O tema já rendeu discurso, selfie e palanque. Teve “reunião histórica”, “questão de honra”, “busca junto ao secretariado”. De nada adianta a romaria a São Paulo se a visita termina na mesa do assessor que nem acompanha o caso. O caminho é direto: Prefeitura fala com quem opera a Polícia Científica na região — o diretor técnico —, amarra o texto com a SSP e publica o aditivo. A cidade não precisa de peregrinação; precisa de solução.

  • Problema real: carência de auxiliares de necropsia e de um administrativo em Itapeva.
  • Saída técnica: convênio municipal com três auxiliares cedidos (e um administrativo), treinados e subordinados à Polícia Científica, até a chegada de concursados.
  • O que travou: recuo político no número de servidores e convênio mal redigido (limitado a “administrativo”), que inviabiliza a sala de necropsia.
  • O que se exige: publicar o convênio, aditar o texto, treinar a equipe e abrir a escala.
  • Quem ganha: famílias, polícia, Ministério Público, Judiciário — e a credibilidade do governo de Itapeva.

Não é preciso “inventar” uma permissão.

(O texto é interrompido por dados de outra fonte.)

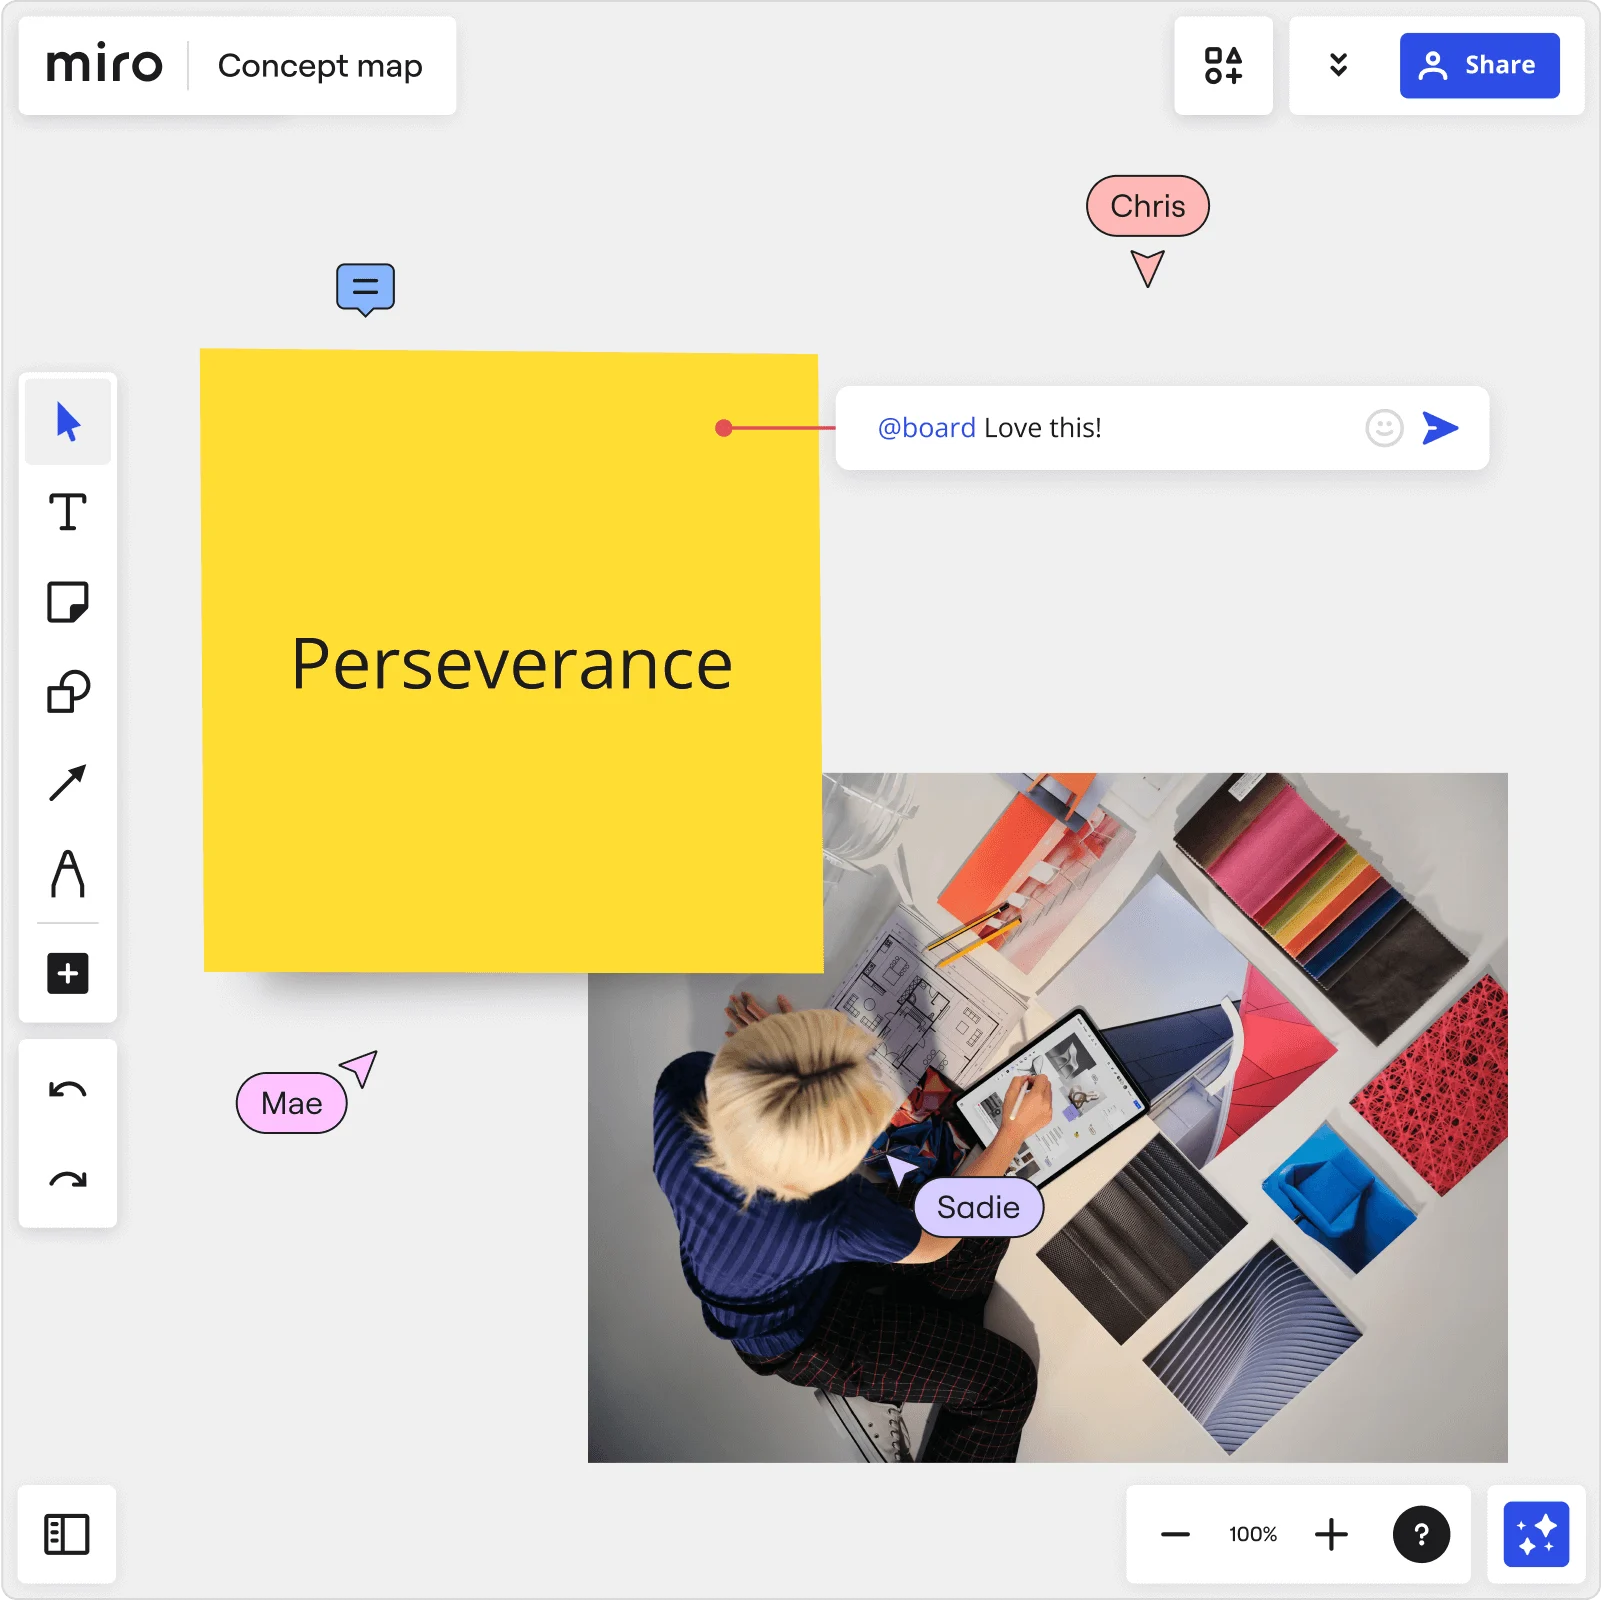 Collaborate and share your thought with Miro's concept map maker

A figura da cessão por convênio para apoiar a segurança pública é velha conhecida das prefeituras paulistas. Há leis municipais autorizativas e termos de cooperação pelo Brasil, inclusive para necropsia em outros Estados. Se é preciso uma lei local específica para Itapeva, que se mande à Câmara hoje. Em 48 horas, entre mensagem do Executivo, tramitação célere e votação em regime de urgência, a autorização sai. O entrave não é jurídico; é político.

A prefeita Adriana Duch e sua equipe têm duas opções: seguir gravando vídeos didáticos sobre por que “não dá”, ou assinar o aditivo que faz dar. A primeira opção multiplica curtidas; a segunda multiplica dignidade. O Sudoeste Paulista já foi longe demais nessa penitência. Itapeva tem a infraestrutura, tem a orientação técnica, tem o contexto jurídico — e tem urgência. Falta o gesto administrativo.

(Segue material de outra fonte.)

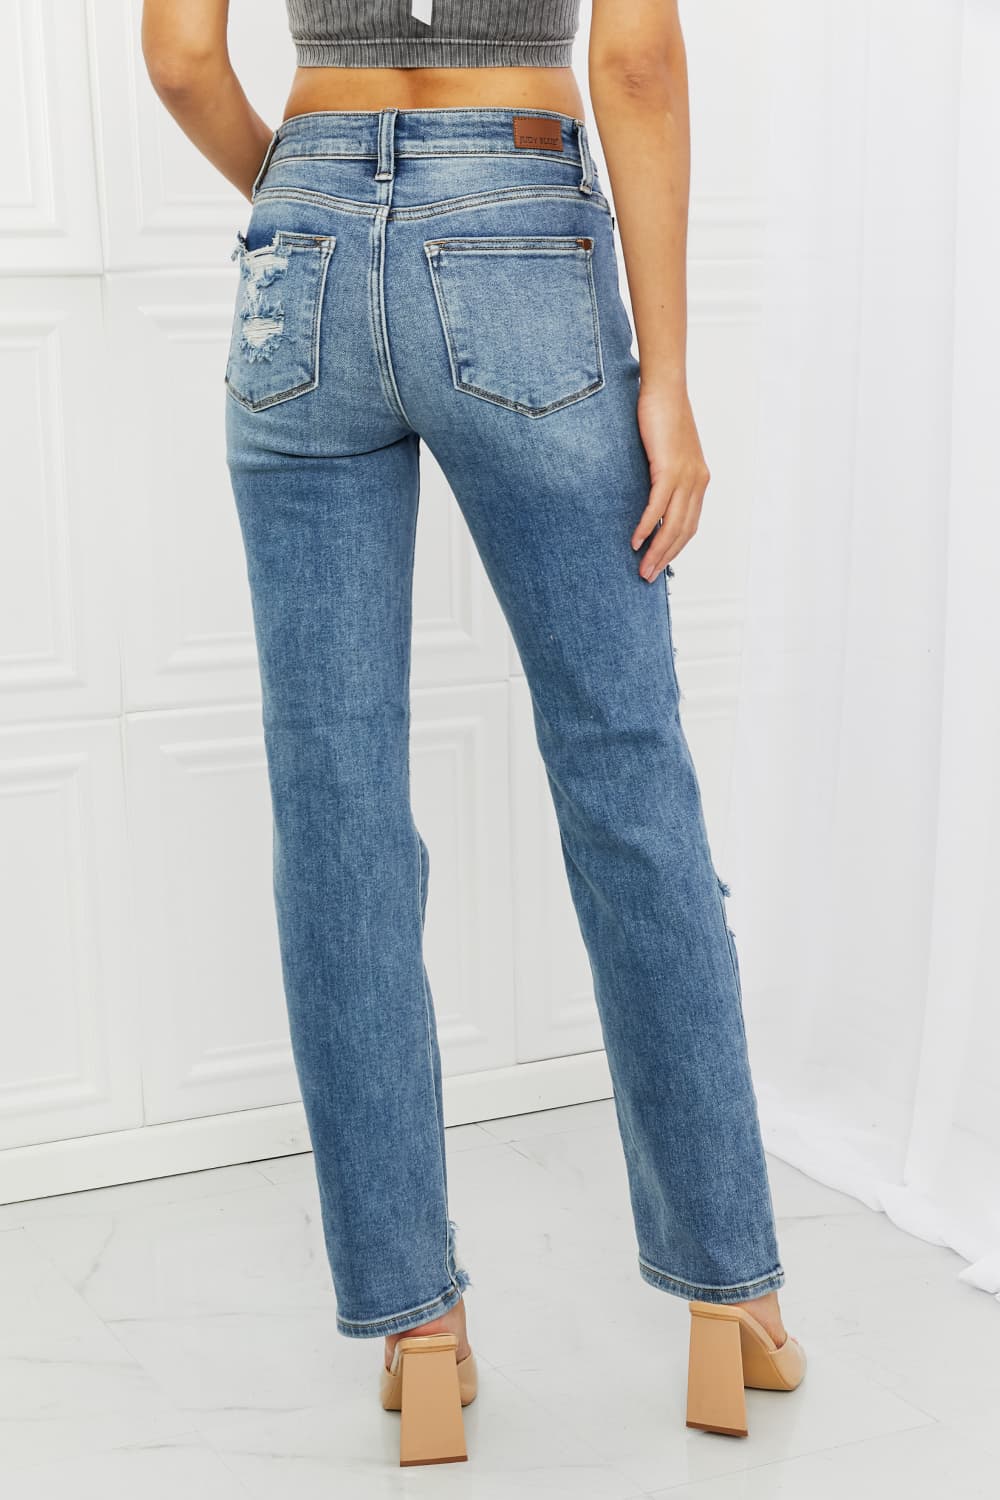 These jeans are the perfect combination of style and comfort, making them a must-have in every fashion-forward individual's wardrobe.The heavy distressing adds a touch of edginess to the classic straight-leg silhouette, making them perfect for a night out with the girls or a casual weekend brunch.

O cidadão pode — e deve — cobrar. Como? Pedindo o texto do convênio e do aditivo; exigindo a escala dos três auxiliares; cobrando a ordem de serviço com data e responsável. Promessa não libera corpo; papel assinado, sim. A política, quando pressentida à distância, revela o essencial: quem trabalha e entrega, e quem trabalha para explicar por que não entregou.

Itapeva precisa de menos coreografia e mais serviço. O assunto foi politizado à exaustão; está na hora de despolitizar a execução. O município cede, o Estado comanda, a Polícia Científica treina, a cidade agradece. Simples? Não. Possível? Inteiramente. O resto é fumaça. E fumaça, salvo melhor juízo, não faz autópsia.